Extracted data entries:

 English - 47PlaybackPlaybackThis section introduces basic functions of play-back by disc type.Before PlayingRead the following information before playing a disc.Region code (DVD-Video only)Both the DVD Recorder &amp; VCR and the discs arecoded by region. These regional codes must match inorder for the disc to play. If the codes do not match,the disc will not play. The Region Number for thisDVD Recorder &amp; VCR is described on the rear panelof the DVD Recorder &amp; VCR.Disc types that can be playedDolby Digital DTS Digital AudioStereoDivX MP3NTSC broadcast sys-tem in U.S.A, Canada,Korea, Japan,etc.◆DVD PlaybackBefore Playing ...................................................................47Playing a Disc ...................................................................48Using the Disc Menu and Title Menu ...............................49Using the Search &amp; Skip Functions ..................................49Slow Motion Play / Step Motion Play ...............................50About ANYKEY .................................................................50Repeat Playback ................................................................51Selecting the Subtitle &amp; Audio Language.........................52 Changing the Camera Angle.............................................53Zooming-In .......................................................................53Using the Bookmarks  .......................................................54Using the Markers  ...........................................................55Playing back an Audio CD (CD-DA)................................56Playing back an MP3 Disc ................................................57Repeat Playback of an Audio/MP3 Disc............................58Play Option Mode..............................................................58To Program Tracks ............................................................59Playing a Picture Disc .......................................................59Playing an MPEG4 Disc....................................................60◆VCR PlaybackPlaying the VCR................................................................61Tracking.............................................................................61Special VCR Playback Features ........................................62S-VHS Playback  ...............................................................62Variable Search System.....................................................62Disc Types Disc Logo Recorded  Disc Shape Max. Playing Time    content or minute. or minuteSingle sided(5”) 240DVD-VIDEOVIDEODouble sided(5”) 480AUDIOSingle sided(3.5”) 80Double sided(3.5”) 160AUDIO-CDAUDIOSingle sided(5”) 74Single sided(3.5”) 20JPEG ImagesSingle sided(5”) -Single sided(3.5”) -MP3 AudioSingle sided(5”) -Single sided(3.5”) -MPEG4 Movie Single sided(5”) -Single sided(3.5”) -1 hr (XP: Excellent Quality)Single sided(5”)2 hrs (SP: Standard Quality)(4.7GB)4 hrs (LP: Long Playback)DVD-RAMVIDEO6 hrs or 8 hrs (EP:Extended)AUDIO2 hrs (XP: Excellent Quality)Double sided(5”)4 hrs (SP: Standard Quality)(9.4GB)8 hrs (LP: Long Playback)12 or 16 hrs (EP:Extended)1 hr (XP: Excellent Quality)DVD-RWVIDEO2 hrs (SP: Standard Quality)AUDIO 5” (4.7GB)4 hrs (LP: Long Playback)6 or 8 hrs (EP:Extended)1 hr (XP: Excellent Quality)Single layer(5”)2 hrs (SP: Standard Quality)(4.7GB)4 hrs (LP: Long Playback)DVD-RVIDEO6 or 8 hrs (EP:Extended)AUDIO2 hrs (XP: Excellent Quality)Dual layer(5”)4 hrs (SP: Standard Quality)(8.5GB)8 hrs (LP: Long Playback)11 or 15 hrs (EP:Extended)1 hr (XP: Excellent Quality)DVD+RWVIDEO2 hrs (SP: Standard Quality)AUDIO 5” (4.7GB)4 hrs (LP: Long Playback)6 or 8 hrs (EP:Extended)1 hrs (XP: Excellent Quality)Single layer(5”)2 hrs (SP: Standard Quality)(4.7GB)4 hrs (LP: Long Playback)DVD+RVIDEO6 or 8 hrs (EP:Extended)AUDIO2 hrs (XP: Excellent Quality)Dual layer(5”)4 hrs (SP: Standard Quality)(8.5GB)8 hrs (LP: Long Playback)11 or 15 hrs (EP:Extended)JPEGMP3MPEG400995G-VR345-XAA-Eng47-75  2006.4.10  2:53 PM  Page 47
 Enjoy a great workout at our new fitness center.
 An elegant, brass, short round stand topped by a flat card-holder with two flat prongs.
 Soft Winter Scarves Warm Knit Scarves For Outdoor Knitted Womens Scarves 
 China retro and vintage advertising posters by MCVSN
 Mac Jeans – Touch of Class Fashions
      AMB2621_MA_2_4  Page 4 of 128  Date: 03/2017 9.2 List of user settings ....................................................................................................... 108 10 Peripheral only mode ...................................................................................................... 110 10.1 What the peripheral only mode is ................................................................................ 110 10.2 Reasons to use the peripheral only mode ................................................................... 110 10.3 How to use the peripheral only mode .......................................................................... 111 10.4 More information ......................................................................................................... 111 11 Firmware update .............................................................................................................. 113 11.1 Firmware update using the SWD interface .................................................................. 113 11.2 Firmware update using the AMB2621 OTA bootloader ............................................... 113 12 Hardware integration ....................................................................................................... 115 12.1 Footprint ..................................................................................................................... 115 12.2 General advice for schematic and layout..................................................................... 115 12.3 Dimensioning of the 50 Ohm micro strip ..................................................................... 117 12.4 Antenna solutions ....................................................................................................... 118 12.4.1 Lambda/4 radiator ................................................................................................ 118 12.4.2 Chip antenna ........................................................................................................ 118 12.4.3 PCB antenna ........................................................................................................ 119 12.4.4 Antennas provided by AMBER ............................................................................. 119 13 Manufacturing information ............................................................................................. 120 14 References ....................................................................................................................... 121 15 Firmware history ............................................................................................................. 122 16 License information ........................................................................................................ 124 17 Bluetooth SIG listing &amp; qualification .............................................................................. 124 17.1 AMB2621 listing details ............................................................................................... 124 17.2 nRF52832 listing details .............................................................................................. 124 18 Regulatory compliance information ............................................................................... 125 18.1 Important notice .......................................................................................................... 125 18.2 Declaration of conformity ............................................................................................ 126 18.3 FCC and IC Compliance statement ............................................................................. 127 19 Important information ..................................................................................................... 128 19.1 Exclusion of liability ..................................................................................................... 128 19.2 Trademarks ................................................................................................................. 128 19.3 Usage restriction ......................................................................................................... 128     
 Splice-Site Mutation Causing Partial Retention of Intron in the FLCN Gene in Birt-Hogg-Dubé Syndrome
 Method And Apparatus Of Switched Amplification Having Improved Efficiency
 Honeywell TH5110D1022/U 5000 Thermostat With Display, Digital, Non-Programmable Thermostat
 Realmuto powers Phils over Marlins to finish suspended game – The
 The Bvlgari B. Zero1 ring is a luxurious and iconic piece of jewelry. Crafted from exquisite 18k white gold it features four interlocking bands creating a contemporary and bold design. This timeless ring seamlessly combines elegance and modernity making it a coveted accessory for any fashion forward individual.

_Your task_. Could you retype all of the entries, leaving every character unchanged?

_Response below_.
 English - 47PlaybackPlaybackThis section introduces basic functions of play-back by disc type.Before PlayingRead the following information before playing a disc.Region code (DVD-Video only)Both the DVD Recorder &amp; VCR and the discs arecoded by region. These regional codes must match inorder for the disc to play. If the codes do not match,the disc will not play. The Region Number for thisDVD Recorder &amp; VCR is described on the rear panelof the DVD Recorder &amp; VCR.Disc types that can be playedDolby Digital DTS Digital AudioStereoDivX MP3NTSC broadcast sys-tem in U.S.A, Canada,Korea, Japan,etc.◆DVD PlaybackBefore Playing ...................................................................47Playing a Disc ...................................................................48Using the Disc Menu and Title Menu ...............................49Using the Search &amp; Skip Functions ..................................49Slow Motion Play / Step Motion Play ...............................50About ANYKEY .................................................................50Repeat Playback ................................................................51Selecting the Subtitle &amp; Audio Language.........................52 Changing the Camera Angle.............................................53Zooming-In .......................................................................53Using the Bookmarks  .......................................................54Using the Markers  ...........................................................55Playing back an Audio CD (CD-DA)................................56Playing back an MP3 Disc ................................................57Repeat Playback of an Audio/MP3 Disc............................58Play Option Mode..............................................................58To Program Tracks ............................................................59Playing a Picture Disc .......................................................59Playing an MPEG4 Disc....................................................60◆VCR PlaybackPlaying the VCR................................................................61Tracking.............................................................................61Special VCR Playback Features ........................................62S-VHS Playback  ...............................................................62Variable Search System.....................................................62Disc Types Disc Logo Recorded  Disc Shape Max. Playing Time    content or minute. or minuteSingle sided(5”) 240DVD-VIDEOVIDEODouble sided(5”) 480AUDIOSingle sided(3.5”) 80Double sided(3.5”) 160AUDIO-CDAUDIOSingle sided(5”) 74Single sided(3.5”) 20JPEG ImagesSingle sided(5”) -Single sided(3.5”) -MP3 AudioSingle sided(5”) -Single sided(3.5”) -MPEG4 Movie Single sided(5”) -Single sided(3.5”) -1 hr (XP: Excellent Quality)Single sided(5”)2 hrs (SP: Standard Quality)(4.7GB)4 hrs (LP: Long Playback)DVD-RAMVIDEO6 hrs or 8 hrs (EP:Extended)AUDIO2 hrs (XP: Excellent Quality)Double sided(5”)4 hrs (SP: Standard Quality)(9.4GB)8 hrs (LP: Long Playback)12 or 16 hrs (EP:Extended)1 hr (XP: Excellent Quality)DVD-RWVIDEO2 hrs (SP: Standard Quality)AUDIO 5” (4.7GB)4 hrs (LP: Long Playback)6 or 8 hrs (EP:Extended)1 hr (XP: Excellent Quality)Single layer(5”)2 hrs (SP: Standard Quality)(4.7GB)4 hrs (LP: Long Playback)DVD-RVIDEO6 or 8 hrs (EP:Extended)AUDIO2 hrs (XP: Excellent Quality)Dual layer(5”)4 hrs (SP: Standard Quality)(8.5GB)8 hrs (LP: Long Playback)11 or 15 hrs (EP:Extended)1 hr (XP: Excellent Quality)DVD+RWVIDEO2 hrs (SP: Standard Quality)AUDIO 5” (4.7GB)4 hrs (LP: Long Playback)6 or 8 hrs (EP:Extended)1 hrs (XP: Excellent Quality)Single layer(5”)2 hrs (SP: Standard Quality)(4.7GB)4 hrs (LP: Long Playback)DVD+RVIDEO6 or 8 hrs (EP:Extended)AUDIO2 hrs (XP: Excellent Quality)Dual layer(5”)4 hrs (SP: Standard Quality)(8.5GB)8 hrs (LP: Long Playback)11 or 15 hrs (EP:Extended)JPEGMP3MPEG400995G-VR345-XAA-Eng47-75  2006.4.10  2:53 PM  Page 47
 Enjoy a great workout at our new fitness center.
 An elegant, brass, short round stand topped by a flat card-holder with two flat prongs.
 Soft Winter Scarves Warm Knit Scarves For Outdoor Knitted Womens Scarves 
 China retro and vintage advertising posters by MCVSN
 Mac Jeans – Touch of Class Fashions
      AMB2621_MA_2_4  Page 4 of 128  Date: 03/2017 9.2 List of user settings ....................................................................................................... 108 10 Peripheral only mode ...................................................................................................... 110 10.1 What the peripheral only mode is ................................................................................ 110 10.2 Reasons to use the peripheral only mode ................................................................... 110 10.3 How to use the peripheral only mode .......................................................................... 111 10.4 More information ......................................................................................................... 111 11 Firmware update .............................................................................................................. 113 11.1 Firmware update using the SWD interface .................................................................. 113 11.2 Firmware update using the AMB2621 OTA bootloader ............................................... 113 12 Hardware integration ....................................................................................................... 115 12.1 Footprint ..................................................................................................................... 115 12.2 General advice for schematic and layout..................................................................... 115 12.3 Dimensioning of the 50 Ohm micro strip ..................................................................... 117 12.4 Antenna solutions ....................................................................................................... 118 12.4.1 Lambda/4 radiator ................................................................................................ 118 12.4.2 Chip antenna ........................................................................................................ 118 12.4.3 PCB antenna ........................................................................................................ 119 12.4.4 Antennas provided by AMBER ............................................................................. 119 13 Manufacturing information ............................................................................................. 120 14 References ....................................................................................................................... 121 15 Firmware history ............................................................................................................. 122 16 License information ........................................................................................................ 124 17 Bluetooth SIG listing &amp; qualification .............................................................................. 124 17.1 AMB2621 listing details ............................................................................................... 124 17.2 nRF52832 listing details .............................................................................................. 124 18 Regulatory compliance information ............................................................................... 125 18.1 Important notice .......................................................................................................... 125 18.2 Declaration of conformity ............................................................................................ 126 18.3 FCC and IC Compliance statement ............................................................................. 127 19 Important information ..................................................................................................... 128 19.1 Exclusion of liability ..................................................................................................... 128 19.2 Trademarks ................................................................................................................. 128 19.3 Usage restriction ......................................................................................................... 128     
 Splice-Site Mutation Causing Partial Retention of Intron in the FLCN Gene in Birt-Hogg-Dubé Syndrome
 Method And Apparatus Of Switched Amplification Having Improved Efficiency
 Honeywell TH5110D1022/U 5000 Thermostat With Display, Digital, Non-Programmable Thermostat
 Realmuto powers Phils over Marlins to finish suspended game – The
 The Bvlgari B. Zero1 ring is a luxurious and iconic piece of jewelry. Crafted from exquisite 18k white gold it features four interlocking bands creating a contemporary and bold design. This timeless ring seamlessly combines elegance and modernity making it a coveted accessory for any fashion forward individual.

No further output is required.